Naming the agent up front skips the router LLM entirely. Two forms work:
Vocative (comma required — faster-whisper adds it reliably):
"Claude, build a login page with Supabase"
"Codex, run the tests and fix anything red"
"Claude code, summarize the README"
"Hey Codex, list the open issues"
Verbal (verb + agent + instruction):
"ask Codex to build a landing page"
"tell Claude to refactor auth.py"
"have Codex deploy the latest build"
"get Claude to write tests for this"
"use Codex for the bug in routes.py"
"let Claude handle the migration"
Both bypass the Stage 2 LLM, which means no agent-name swap or hallucinated extras (a real failure mode on the 1.5B router model).
After the first dispatch, you're automatically in direct-dialogue
mode with that agent — every follow-up goes straight to its
--continue, no LLM round-trip:
You: "Claude, build a hello world script."
Halo: "On it. I'm calling this session Mercury."
... Mercury responds
You: "now add a docstring." (direct -> Mercury)
You: "also make it take a name." (direct -> Mercury)
To switch agents mid-flow:
"switch to codex" / "talk to codex" -> direct dialogue with Codex
"transfer me to codex" / "transfer to ..." -> same as switch
"Codex, ..." -> dispatches to Codex AND switches
"back to halo" / "talk to me" -> exit direct dialogue
"transfer me back to halo" -> same
Once you're in direct dialogue with an agent, Halo never auto-sleeps —
the conversation stays open until you explicitly say "goodbye",
"go to sleep", "over and out", or any of the end phrases. The 5-second
idle sleep only applies when you're in plain Halo mode (no direct
dialogue and no running jobs).
By default, Halo scans your machine every 2 seconds for running
coding-agent CLIs (claude and codex, including their npm shims),
records each one's cwd and parent terminal, and exposes the list to the
Stage 2 LLM brain as discovered sessions. The brain then routes
voice commands accordingly — no manual halo project add step, no
focus-binding to set up, no keystroke-injection trickery.
| Spoken | What happens |
|---|---|
| "halo, what sessions do I have?" | Brain emits session_action: list_sessions → Halo speaks: "three sessions: halo, website, AIP. You're on halo." |
| "halo, switch to website" / "work on the AIP one" | Brain emits session_action: switch → active session changes; next dispatch goes there |
| "halo, where am I?" | Brain emits session_action: where_am_i → speaks active session label + cwd |
| "halo, Claude, refactor the auth module" | Vocative dispatch (existing) into the active session's cwd |
| "halo, in website, ask Claude to add dark mode" | One-shot dispatch into the website session without changing active |
| "halo, tell all of them to run their tests" | Fanout — same prompt to every discovered session |
Two cwds with the same basename (D:\client-a\halo and D:\client-b\halo)

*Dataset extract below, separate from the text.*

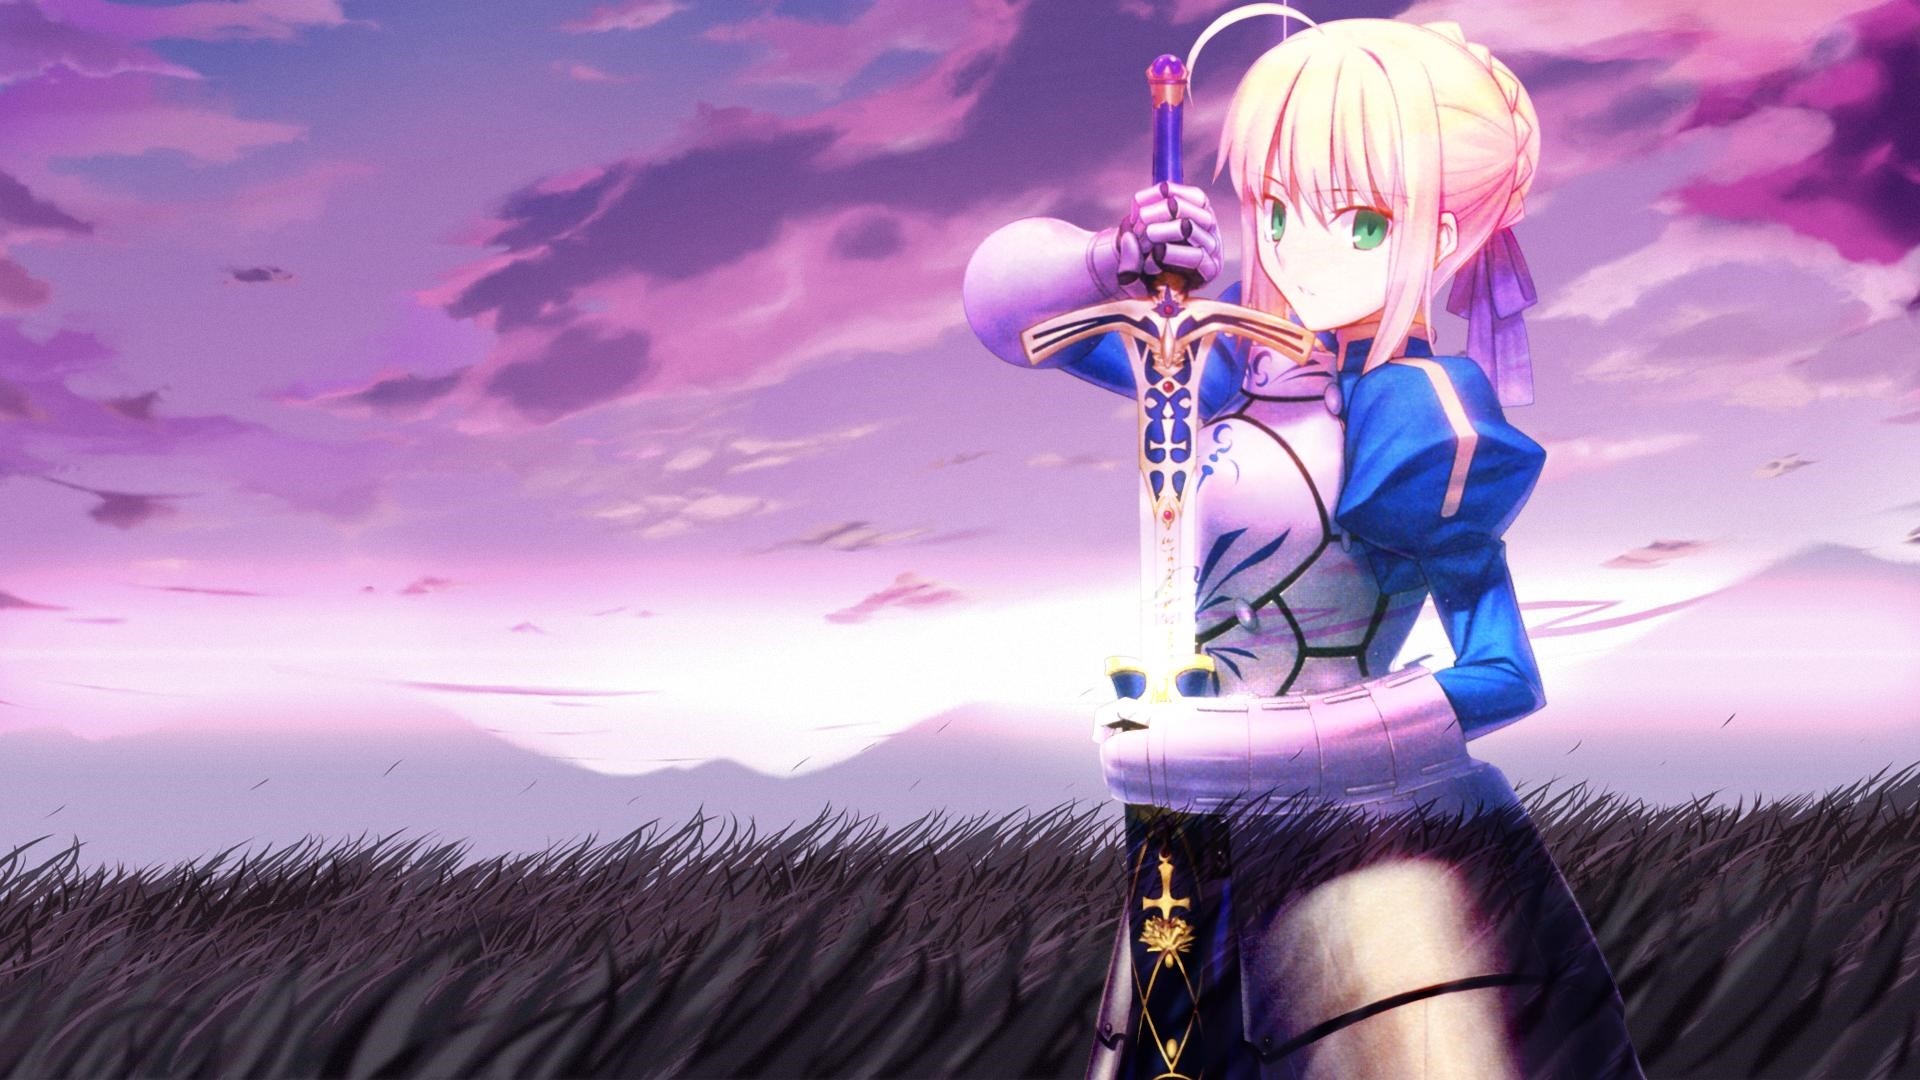 Fate Stay Night Saber Wallpaper Download Full

get parent-disambiguated labels: client-a/halo and client-b/halo.
Beyond that, pid suffix is appended (client-a/halo#1234). You can
always say "what sessions do I have" to hear the current labels.

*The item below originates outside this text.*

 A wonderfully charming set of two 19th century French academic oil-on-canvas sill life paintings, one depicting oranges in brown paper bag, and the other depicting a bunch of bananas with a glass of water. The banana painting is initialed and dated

When you dispatch to a discovered session, Halo lazily spawns its own
persistent Claude subprocess in that cwd. This is keyed by
(agent_key, cwd), so:
- the same agent can have parallel jobs across N projects
- each project's
--continuethread stays alive for the Halo process lifetime reset_sessionaccepts an optional cwd to scope the reset
halo sessionsRead-only one-shot scan. Prints a table of label / agent / pid / cwd
for every running coding-agent CLI. Exit 0 when something is found, 1
when nothing is. Use this before booting the full voice loop to confirm
discovery works on your machine.
When psutil isn't installed OR no sessions are discovered, Halo runs
in v1.1 single-session mode — spawning its own Claude in the launch
cwd, exactly as before. The brain prompt only carries CURRENT CONTEXT
when there's something to report, so single-session callers pay zero
token overhead.
The Stage 2 LLM (qwen2.5:1.5b by default) receives a CURRENT CONTEXT
block prepended to every transcript when sessions are discovered:
# CURRENT CONTEXT (you decide target_session from this)
active_session: halo
discovered_sessions:
- label: halo agent: claude_code cwd: D:/Halo
- label: website agent: claude_code cwd: D:/website-redesign
- label: aip agent: claude_code cwd: D:/AIP-Claude
The JSON schema gained two fields the brain populates:
target_session— label /"active"/"focused"/"all"/""session_action—""/"switch"/"list_sessions"/"where_am_i"
This means new routing patterns ("work on the third one", "the AI thing I was looking at", "the website one with the dark theme") are all handled by upgrading the prompt — not by adding regex.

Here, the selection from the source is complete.